In [2]:
import pandas as pd
from keras.layers import LSTM, Dense, Embedding, Masking
from keras.optimizers import Adam
from keras.preprocessing.text import text_to_word_sequence, Tokenizer
from keras.preprocessing.sequence import pad_sequences
from keras import Sequential
import numpy as np
from keras.utils import np_utils
from keras.models import load_model
import string
from nltk.corpus import stopwords
from nltk.stem import PorterStemmer
from nltk.tokenize import word_tokenize, sent_tokenize
from gensim.models import word2vec

In [3]:
embedding_dim = 50

In [4]:
train_file_text = './imdbDataset/imdb_train_text.txt'
train_file_label = './imdbDataset/imdb_train_labels.txt'
test_file_text = './imdbDataset/imdb_test_text.txt'
test_file_label = './imdbDataset/imdb_test_labels.txt'

In [5]:
training_reviews = []
with open(train_file_text) as fin:
    for l in fin:
        training_reviews.append(l.replace('<br /><br />', " ").strip("\"\n"))

In [6]:
test_reviews = []
with open(test_file_text) as fin:
    for l in fin:
        test_reviews.append(l.replace('<br /><br />', " ").strip("\"\n"))

In [7]:
training_labels = []
with open(train_file_label) as fin:
    for l in fin:
        training_labels.append(int(l.strip()))

In [8]:
test_labels = []
with open(test_file_label) as fin:
    for l in fin:
        test_labels.append(int(l.strip()))

In [11]:
def dataprep(reviews):
    table = str.maketrans('', '', string.punctuation)
    eng_stopwords = stopwords.words('english')
    # word-tokenize
    words_in_reviews = [review.split() for review in reviews]
    print("tokenization done..")
    # removing punctuation
    words_in_reviews = [[word.translate(table) for word in sent] for sent in words_in_reviews]
    print("punctuations removed...")
    # removing stop-words
    words_in_reviews = [[w.lower() for w in review_words if w.lower() not in eng_stopwords and len(w) > 2] for review_words in words_in_reviews]
    print("stopwords removed...")
    # stemming
    #stemmer = PorterStemmer()
    #stemmed_reviews = [[stemmer.stem(w) for w in words] for words in words_in_reviews]
    #print("stemming done...")
    #return stemmed_reviews
    return words_in_reviews

In [12]:
test_processed_reviews = dataprep(test_reviews)

tokenization done..
punctuations removed...
stopwords removed...


In [13]:
train_processed_reviews = dataprep(training_reviews)

tokenization done..
punctuations removed...
stopwords removed...


In [87]:
word2vecModel = word2vec.Word2Vec(train_processed_reviews + test_processed_reviews, iter=10)

In [18]:
word2vecModel.corpus_count

50000

In [19]:
word2vecModel.corpus_total_words

5906919

In [20]:
word2vecModel.wv.most_similar('love')

[('asleep', 0.5823028087615967),
 ('bermuda', 0.5716625452041626),
 ('apart', 0.524666428565979),
 ('wayside', 0.5025482177734375),
 ('loves', 0.4977417588233948),
 ('romantic', 0.47469043731689453),
 ('loved', 0.4740931987762451),
 ('flat', 0.46361207962036133),
 ('hate', 0.46154505014419556),
 ('friendship', 0.44779422879219055)]

In [21]:
word2vecModel.wv.similar_by_word(word='worst')

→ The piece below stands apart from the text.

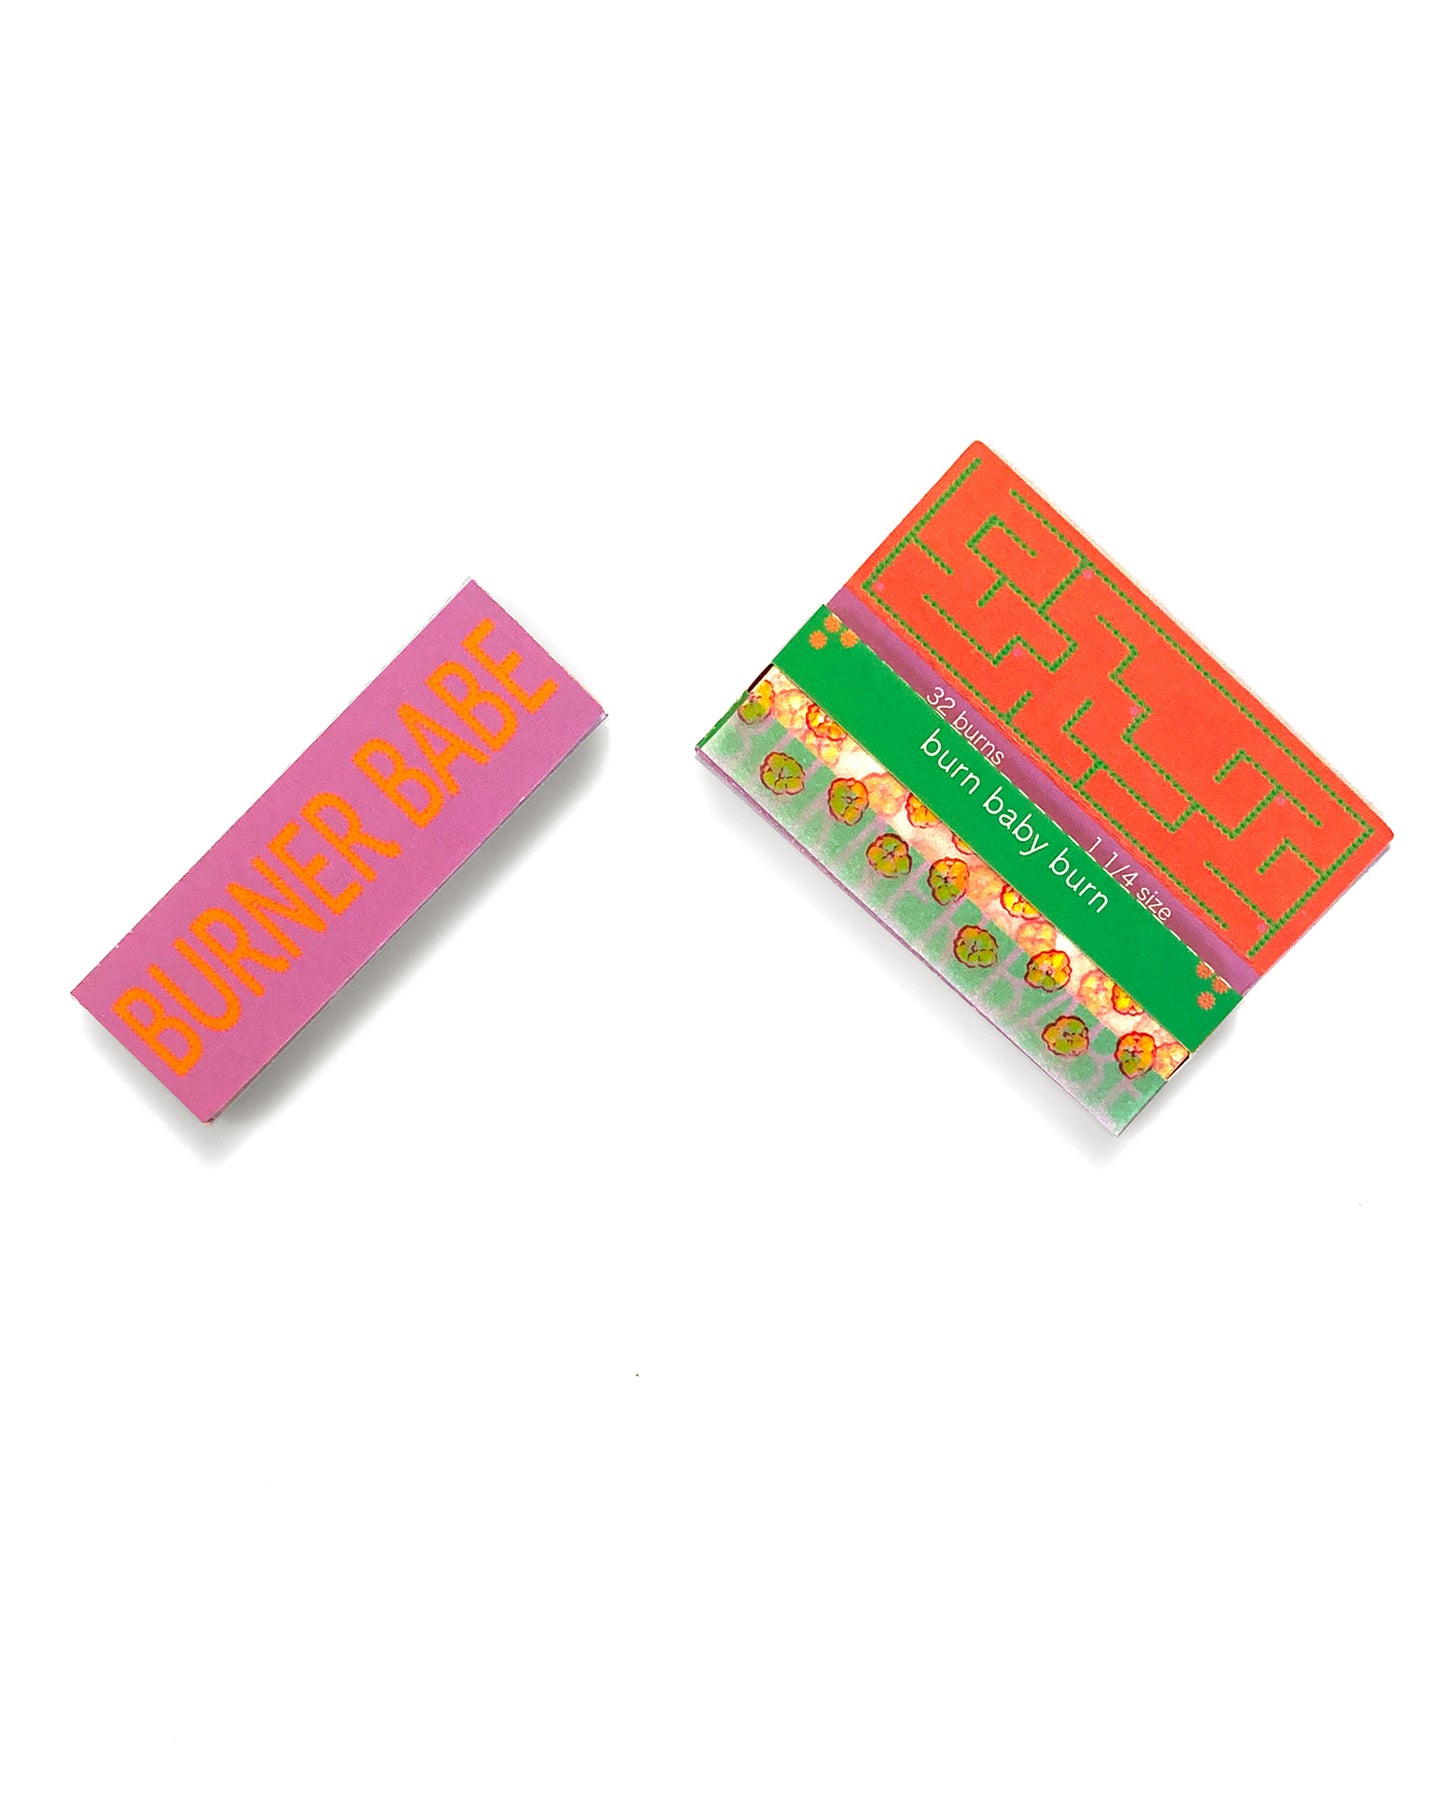 The Poppy Papers, set of 10: yellow poppy printed papers. These designer rolling papers are girly, pretty, vegan, cute, cool, standard size, high quality, even burn, natural dyes, best tasting, slow burn.

[('stupidest', 0.7889276742935181),
 ('best', 0.7459392547607422),
 ('scariest', 0.7380221486091614),
 ('cheesiest', 0.7299014329910278),
 ('funniest', 0.7029139995574951),
 ('greatest', 0.676495373249054),
 ('poorest', 0.6579285264015198),
 ('weirdest', 0.6461619138717651),
 ('finest', 0.6428632736206055),
 ('dumbest', 0.6420060396194458)]

In [22]:
def getIndex(words, word2vecModel):
    indices = []
    for w in words:
        try:
            indices.append(word2vecModel.wv.vocab[w].index)
        except KeyError:
            pass
    return np.array(indices)

In [23]:
train_index = np.array([getIndex(sentence, word2vecModel) for sentence in train_processed_reviews])

In [24]:
test_index = np.array([getIndex(sentence, word2vecModel) for sentence in test_processed_reviews])

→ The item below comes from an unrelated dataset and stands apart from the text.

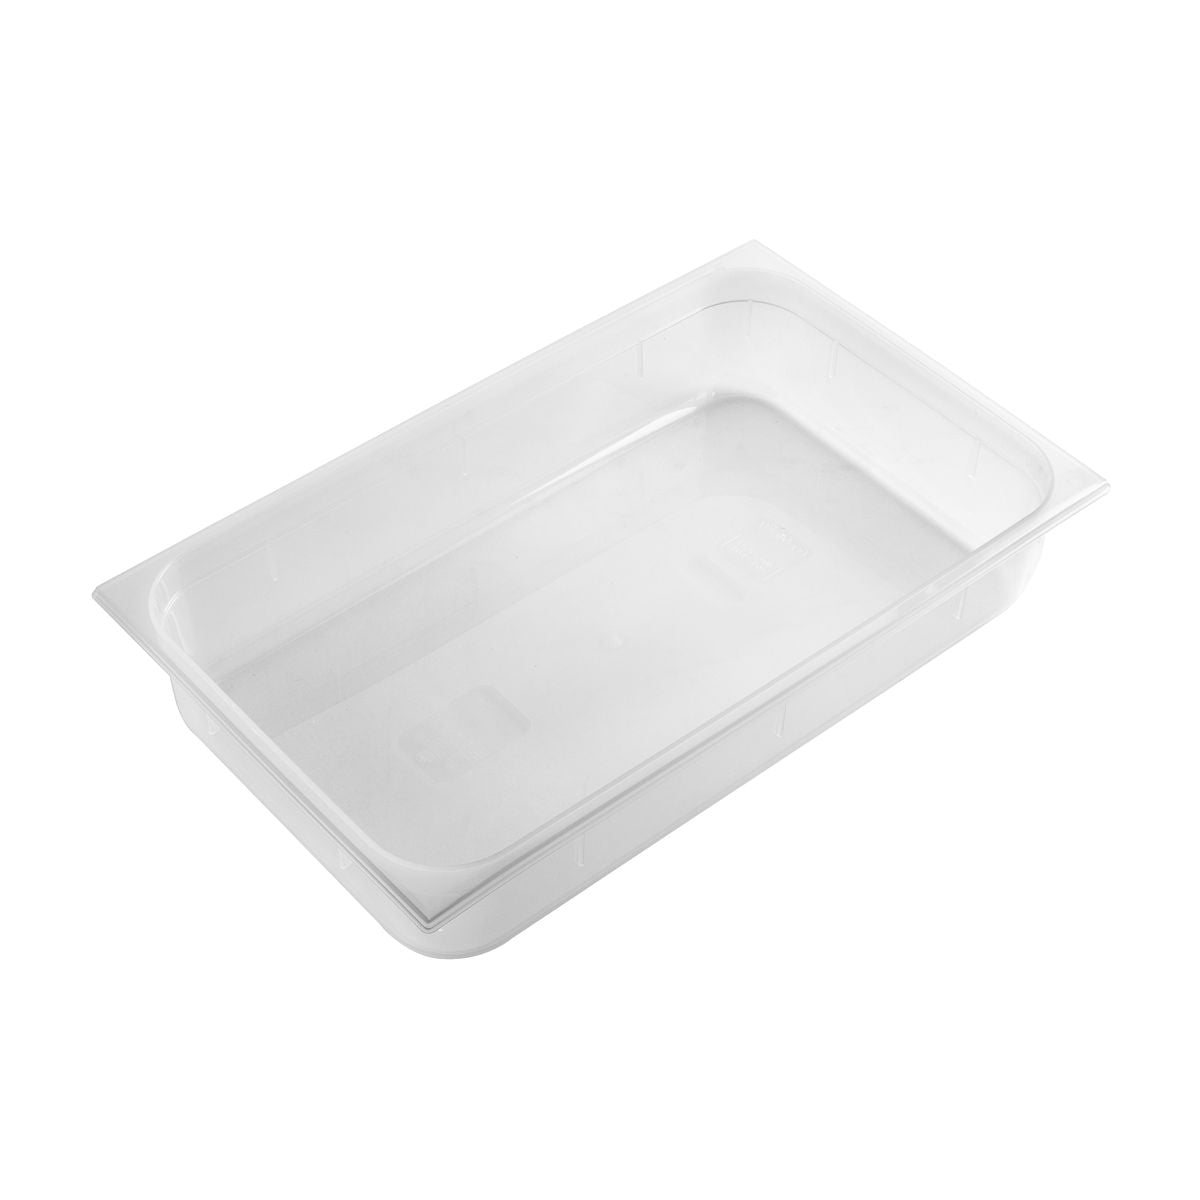 Gastronorm Pan - 150mm, Size 1-1 , Polypropylene: Pack of 1
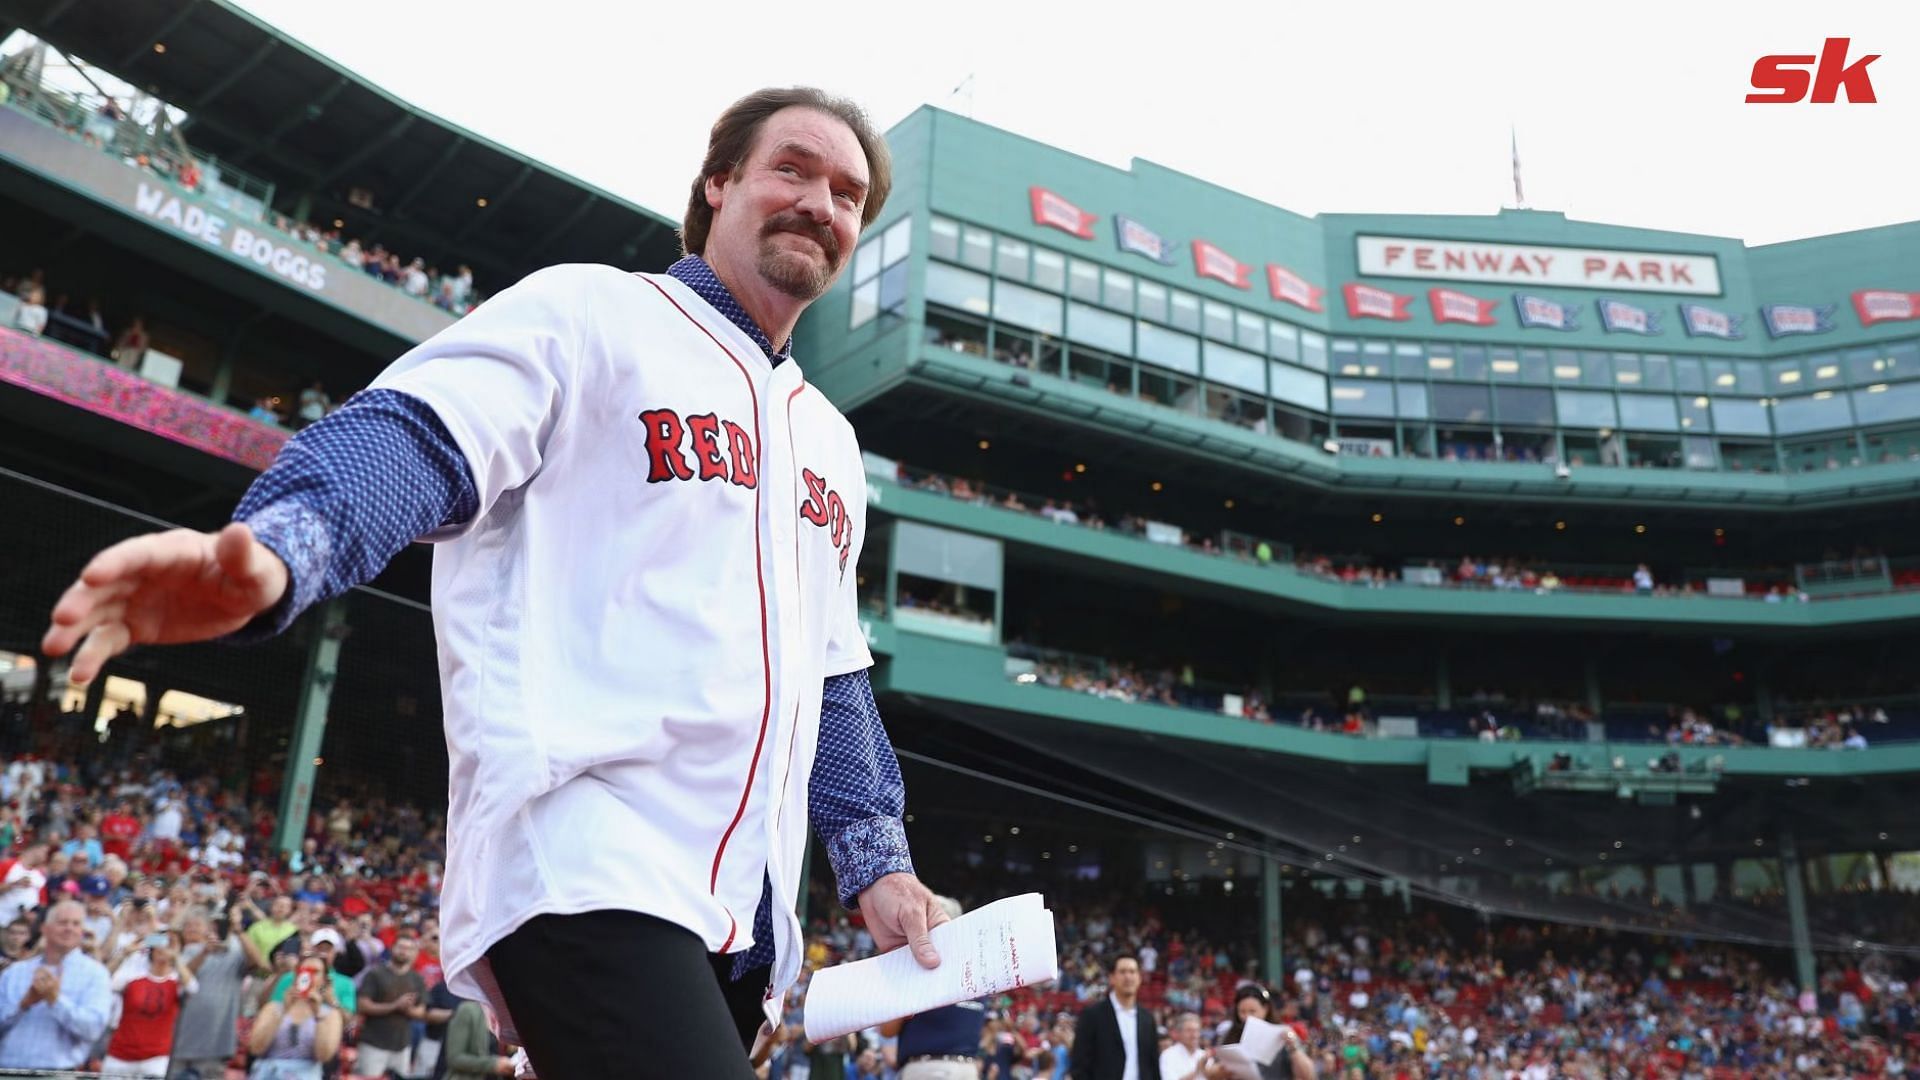 Wade Boggs discusses the unfair criticism he received after switching from the Red Sox to the rival Yankees

###### Experiment 1: without any data cleaning training embedding layer

In [26]:
vocab_size = len(word2vecModel.wv.vocab) + 1

In [27]:
vocab_size

42505

In [32]:
max_length = max([len(x) for x in np.concatenate((train_index,test_index))])

In [33]:
avg_length = sum([len(x) for x in np.concatenate((train_index,test_index))])/(len(train_index) + len(test_index))

In [34]:
max_sequence_length = 500

In [35]:
print("Average length is {} and max length is {}\nSetting max sequence length to be {}".format(avg_length, max_length, max_sequence_length))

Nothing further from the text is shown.